Do you know who made your iThing?

Mike Daisey was a self-described “worshipper in the cult of Mac.” Then he saw some photos from a new iPhone, taken by workers at the factory where it was made. Mike wondered: Who makes all my crap? He traveled to China to find out.

That is the tagline from this week’s This American Life, freely available as an mp3 this week. Often funny but also often horrifying: Child workers, terrible workplace injuries, and police state tactics. They have released reports on the Apple subcontractor from October 2010May 2011, and September 2011.

I am of two minds. If even a tenth of the abuses are systematically true, then even the most ardent capitalist among you should be incensed.

On the other hand, I am in the midst of a randomized control trial of factory labor in Ethiopia. One reason is because I believe–and the early results suggest–that the improvements in poverty and work conditions and risk and well-being are huge. Huge huge.

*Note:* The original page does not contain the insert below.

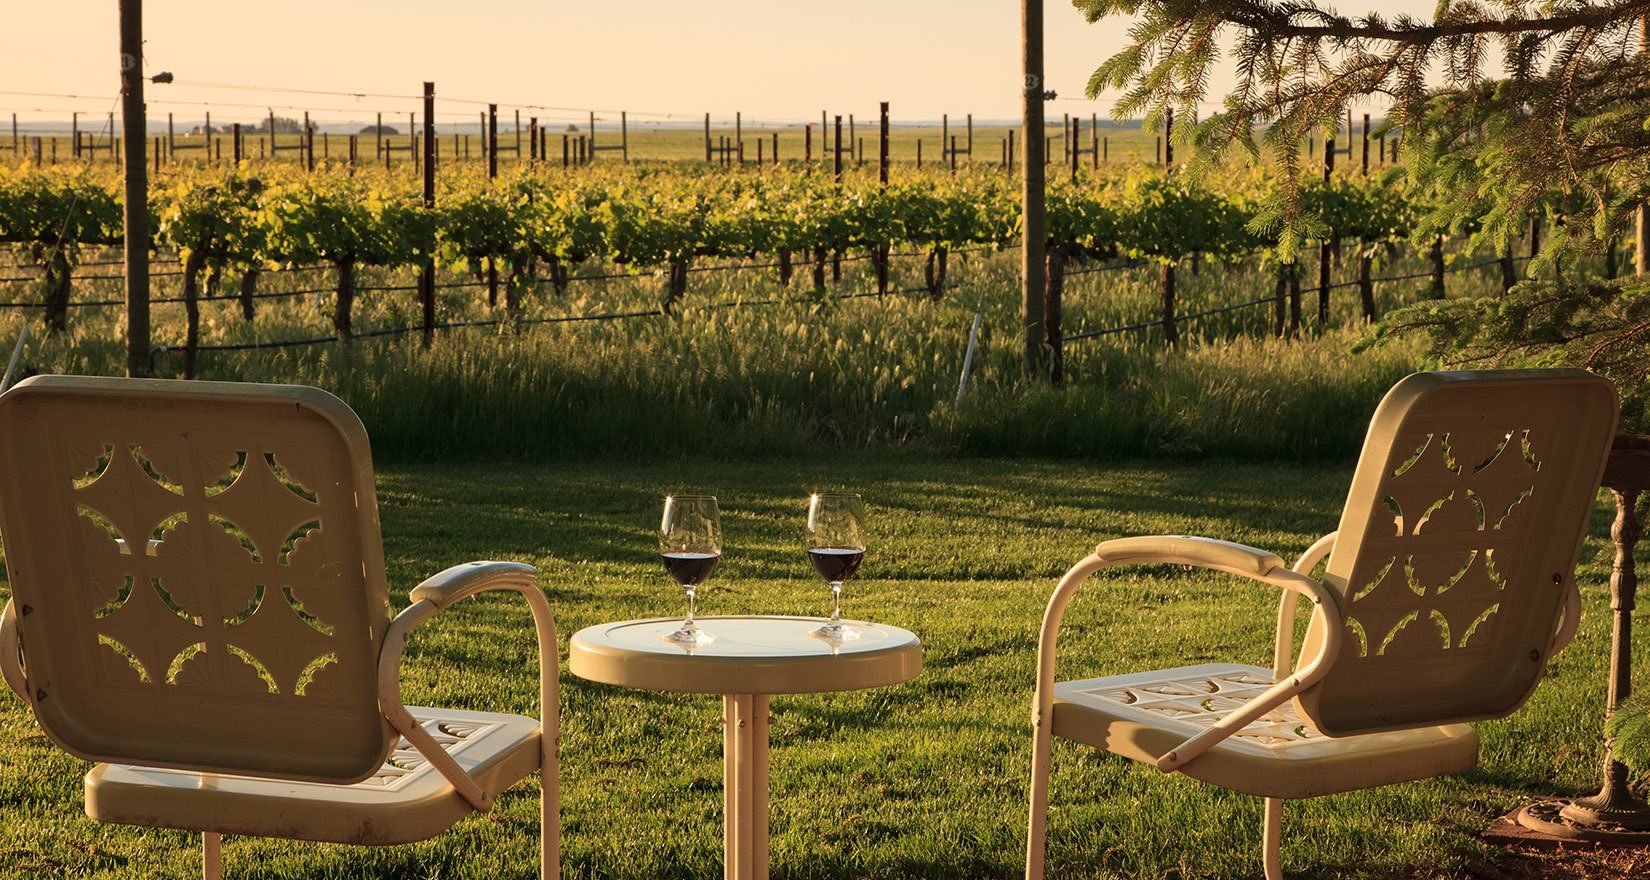 Vineyard with chairs and wine

But accounts like Daisey’s add nuance. Factories may only look good relative to the alternative (unemployment, or toiling in fields) but could be terrible in absolute terms. This is most true when workers have at least basic rights and protection, and the employer is not a monopsonist or cabal–the only real employer in town. The Apple subcontractor’s plant has more than 400,000 workers. That offers more than a little non-market power.

Listen to the podcast, but be warned that you won’t look at your Apple product the same way again.

Daisey is a superb storyteller and this is a travelling monologue/show. Daisey’s website, showdates and other monologues are here. I am planning to see the NYC show.